-- ASSIGNED TASK --
The required output is the exact text of the lines from the line containing "Пуловер с круглым вырезом из текстурированного" through the final line below, inclusive, without pictures.
─── AVAILABLE DATA ───
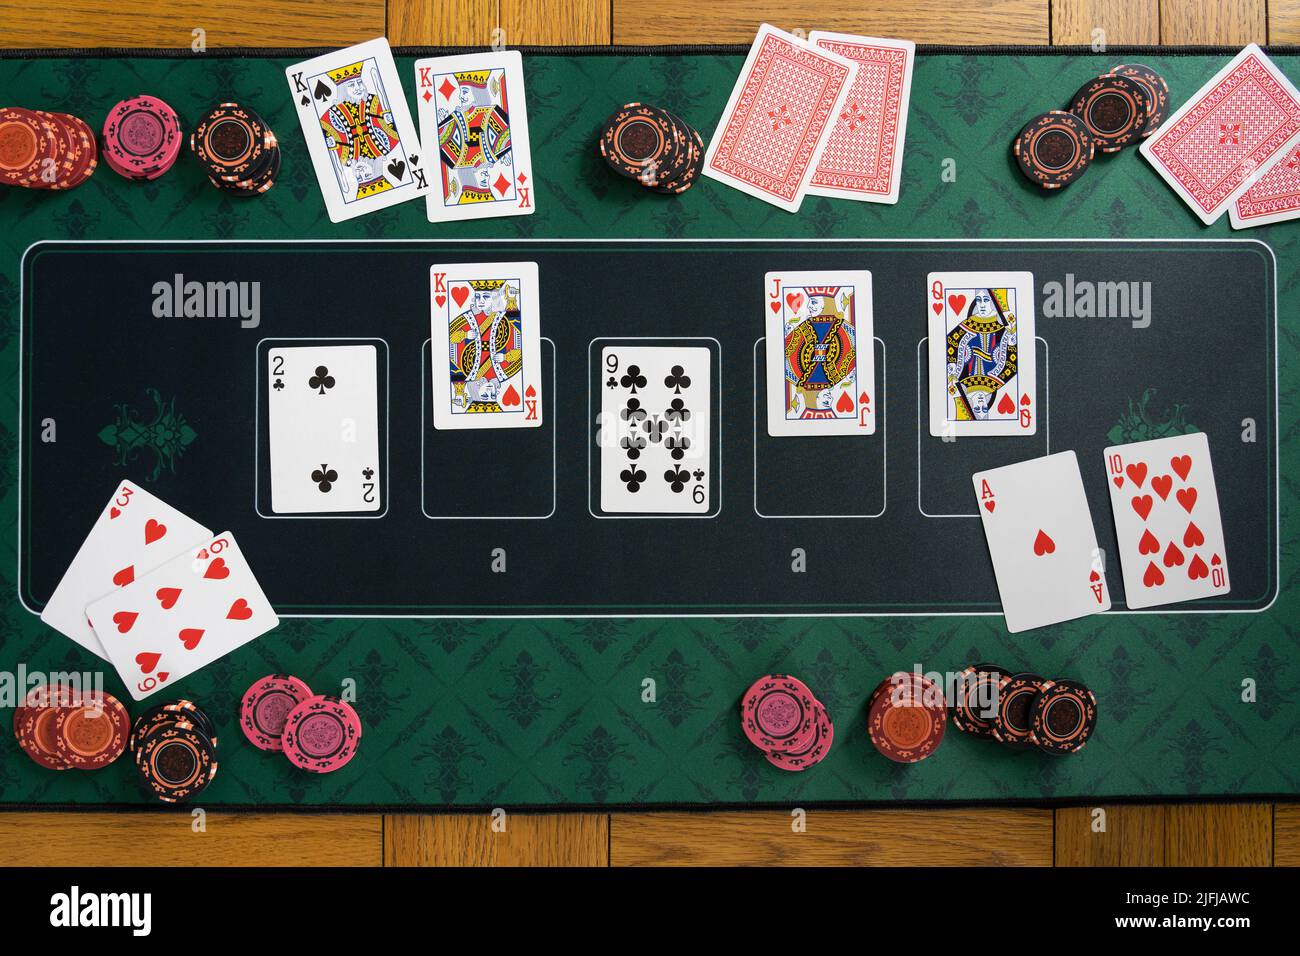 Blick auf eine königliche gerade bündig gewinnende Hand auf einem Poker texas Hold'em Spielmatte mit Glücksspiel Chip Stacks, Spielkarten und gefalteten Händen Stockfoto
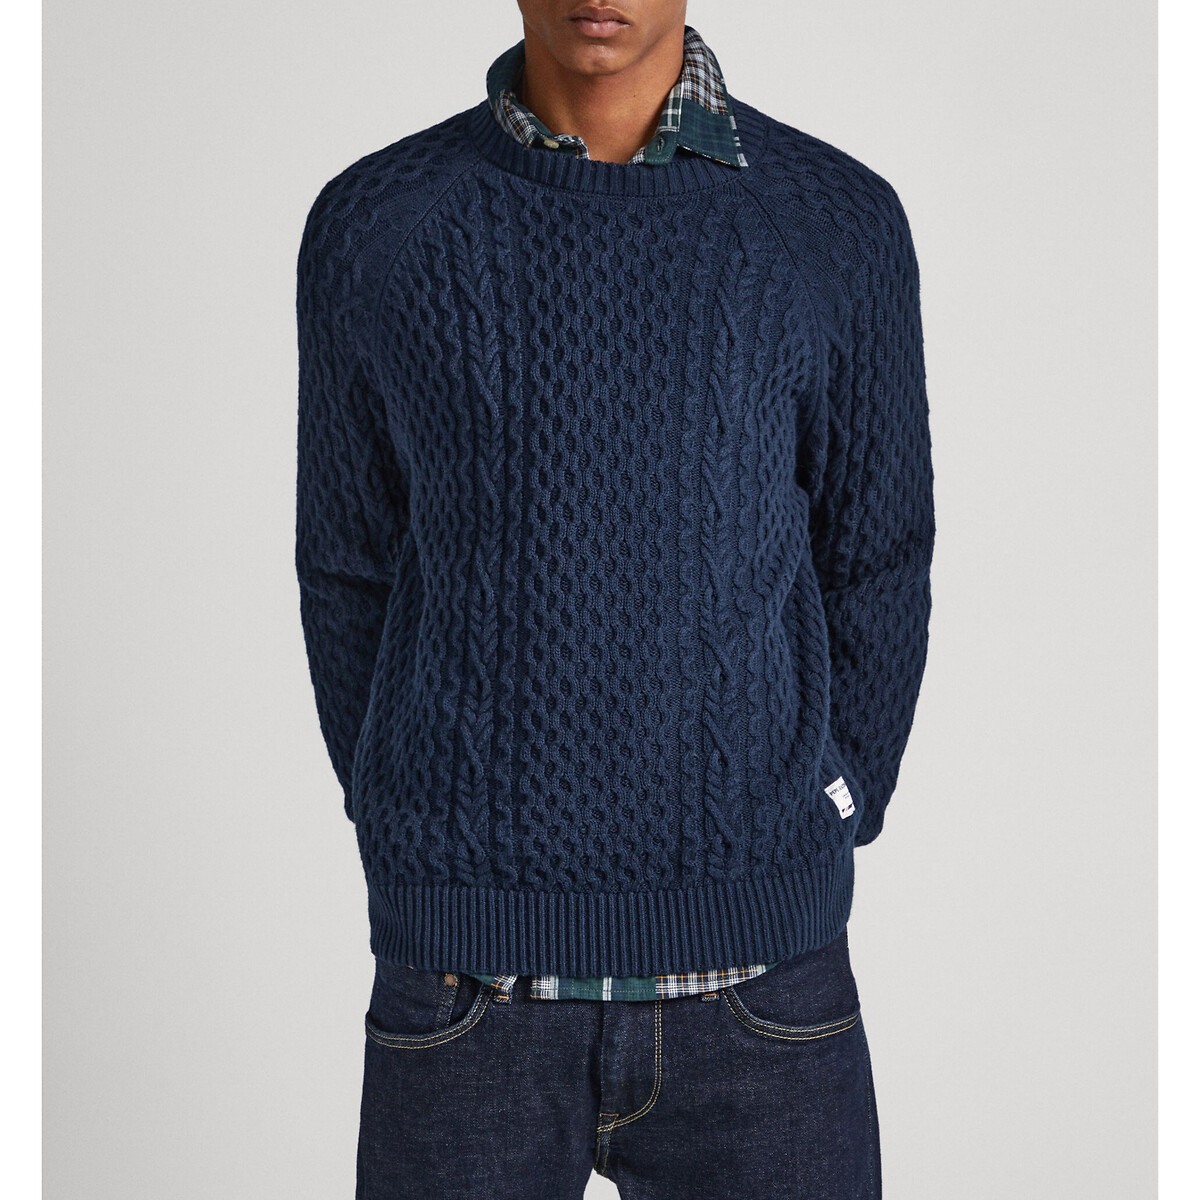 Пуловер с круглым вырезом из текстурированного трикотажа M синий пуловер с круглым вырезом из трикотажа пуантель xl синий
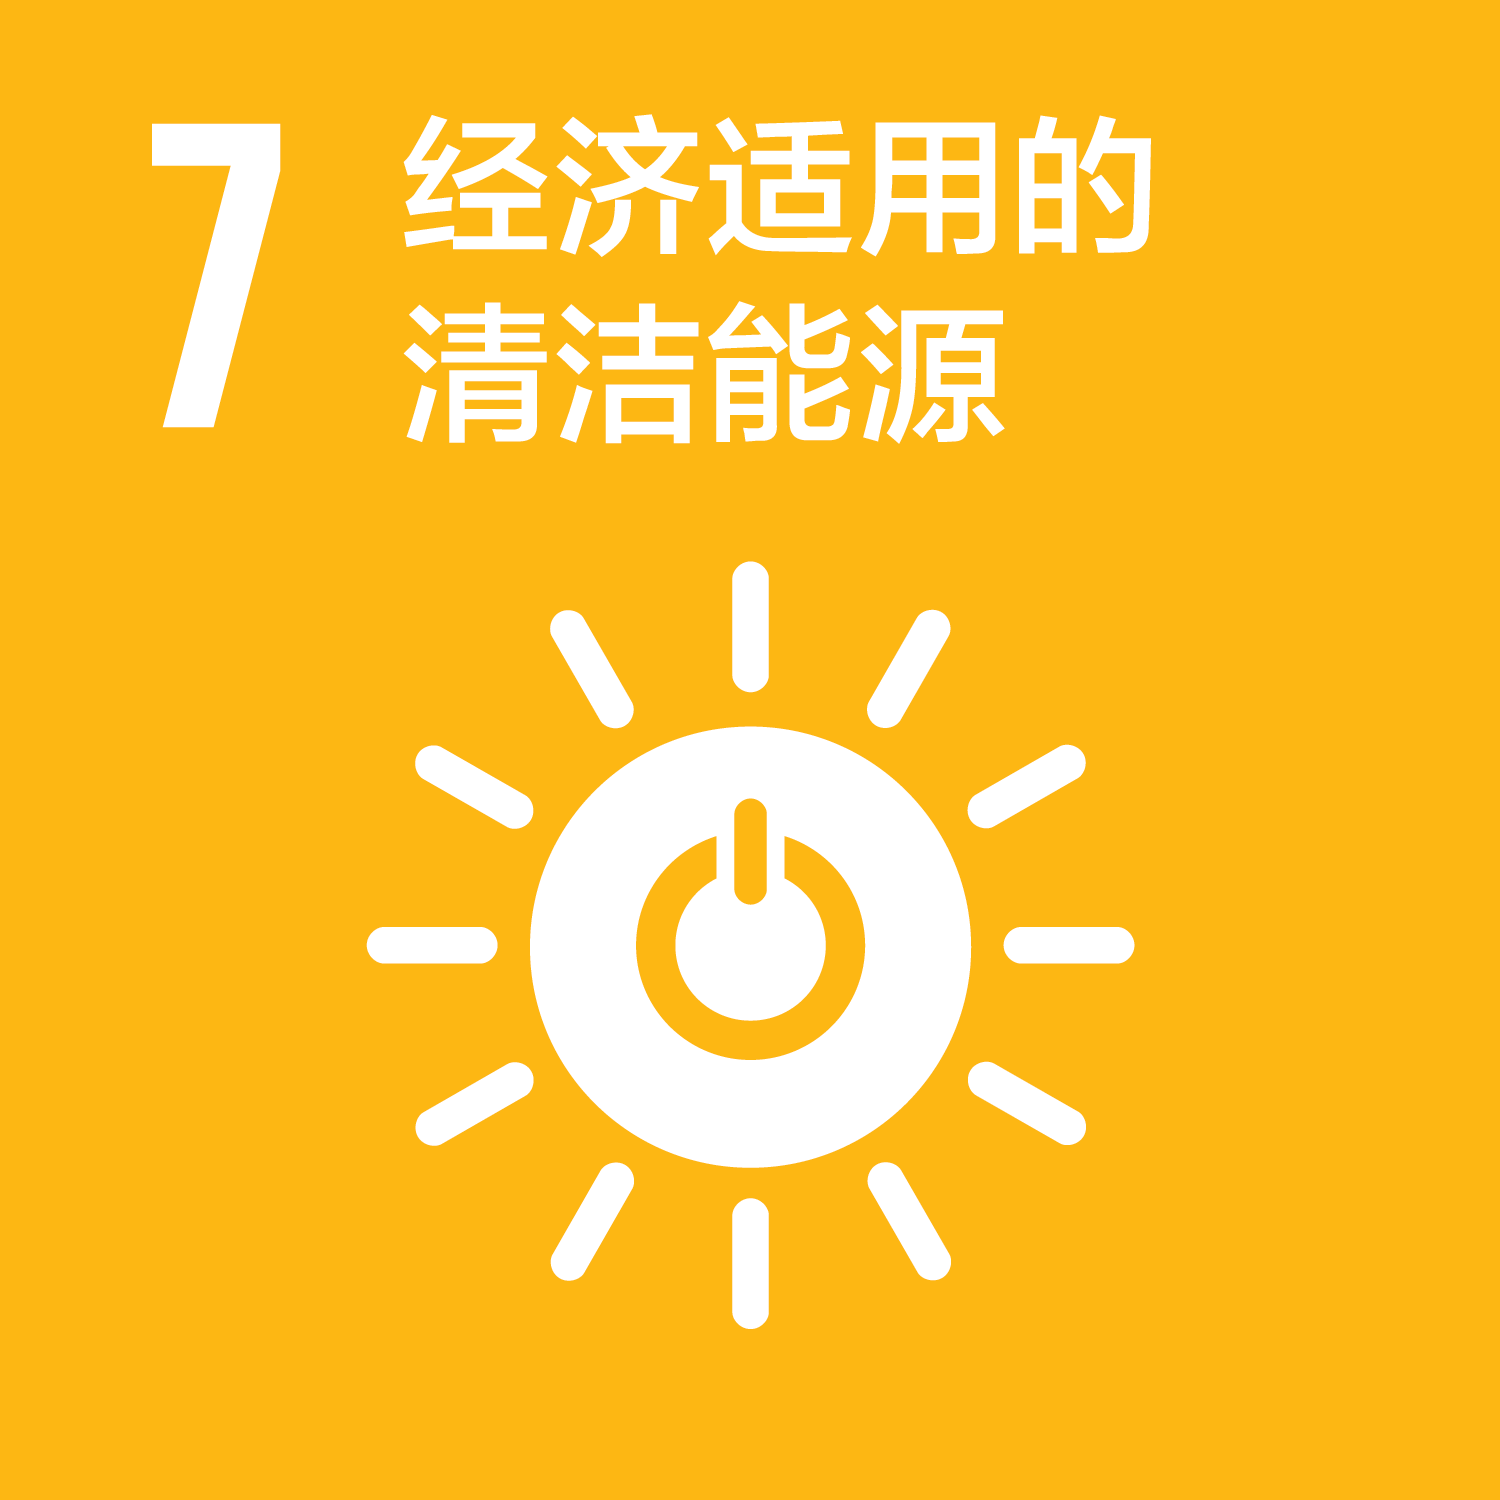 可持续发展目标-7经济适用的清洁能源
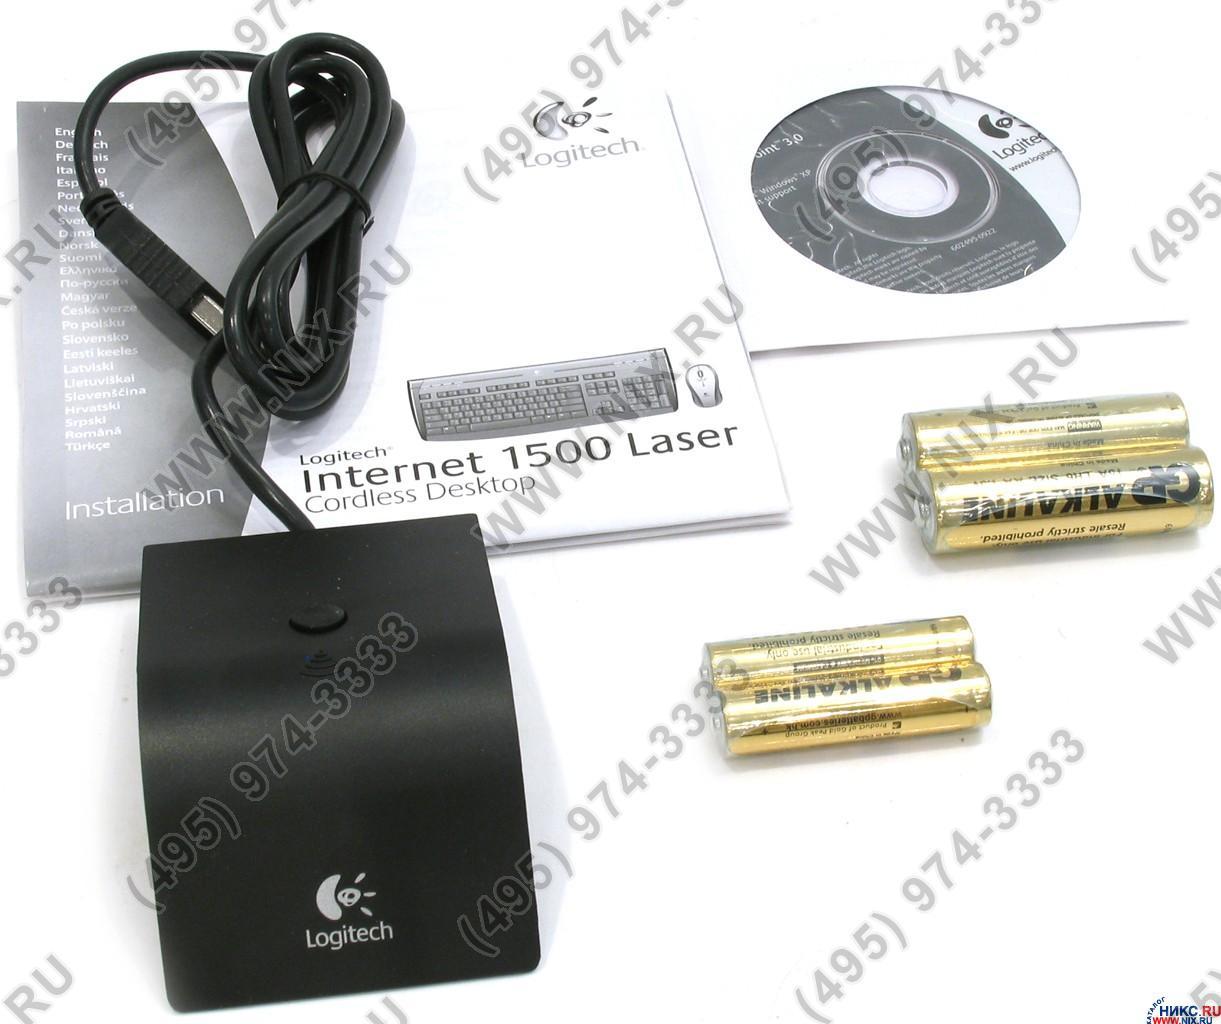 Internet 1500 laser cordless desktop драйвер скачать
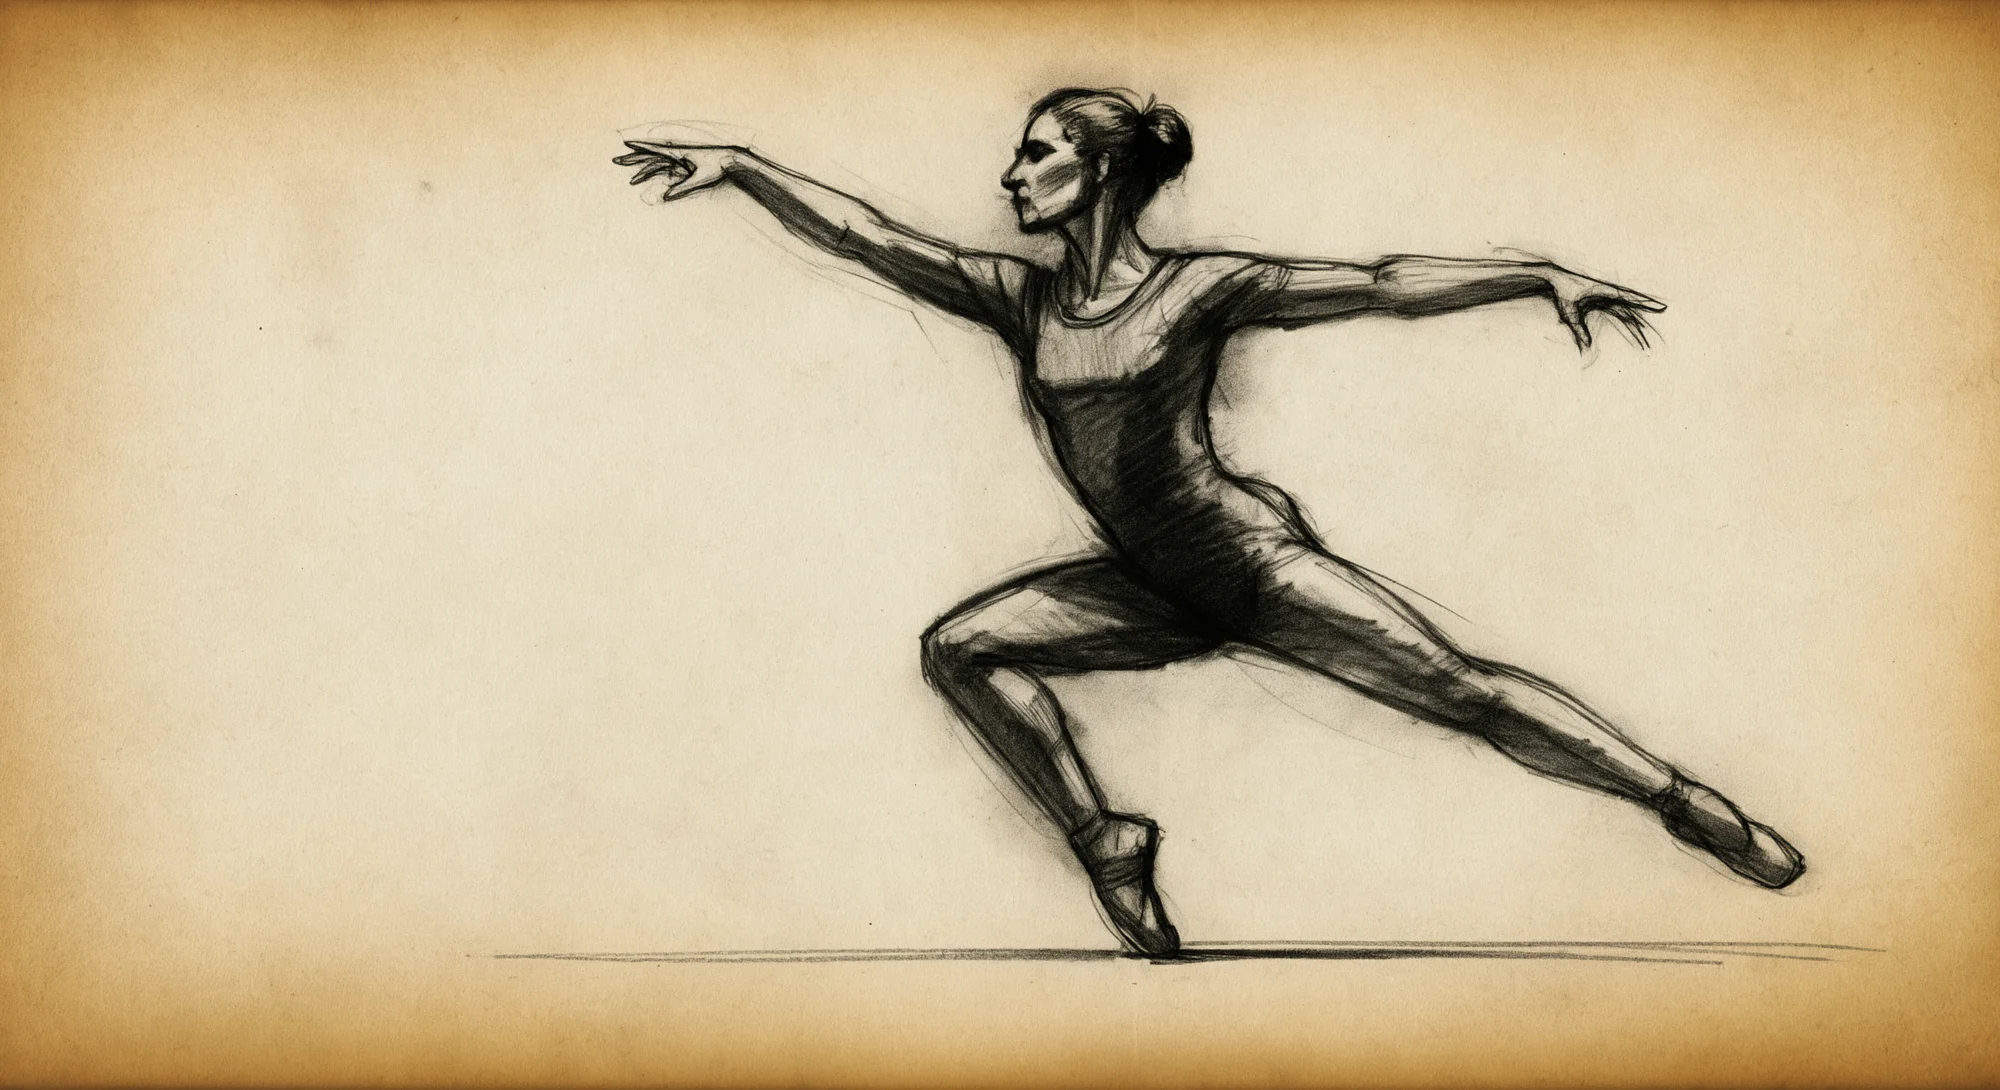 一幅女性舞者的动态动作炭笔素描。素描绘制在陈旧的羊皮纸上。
───
-- RESULT OF THIS EXERCISE --
 Пуловер с круглым вырезом из текстурированного трикотажа M синий пуловер с круглым вырезом из трикотажа пуантель xl синий
 可持续发展目标-7经济适用的清洁能源
 Internet 1500 laser cordless desktop драйвер скачать
 一幅女性舞者的动态动作炭笔素描。素描绘制在陈旧的羊皮纸上。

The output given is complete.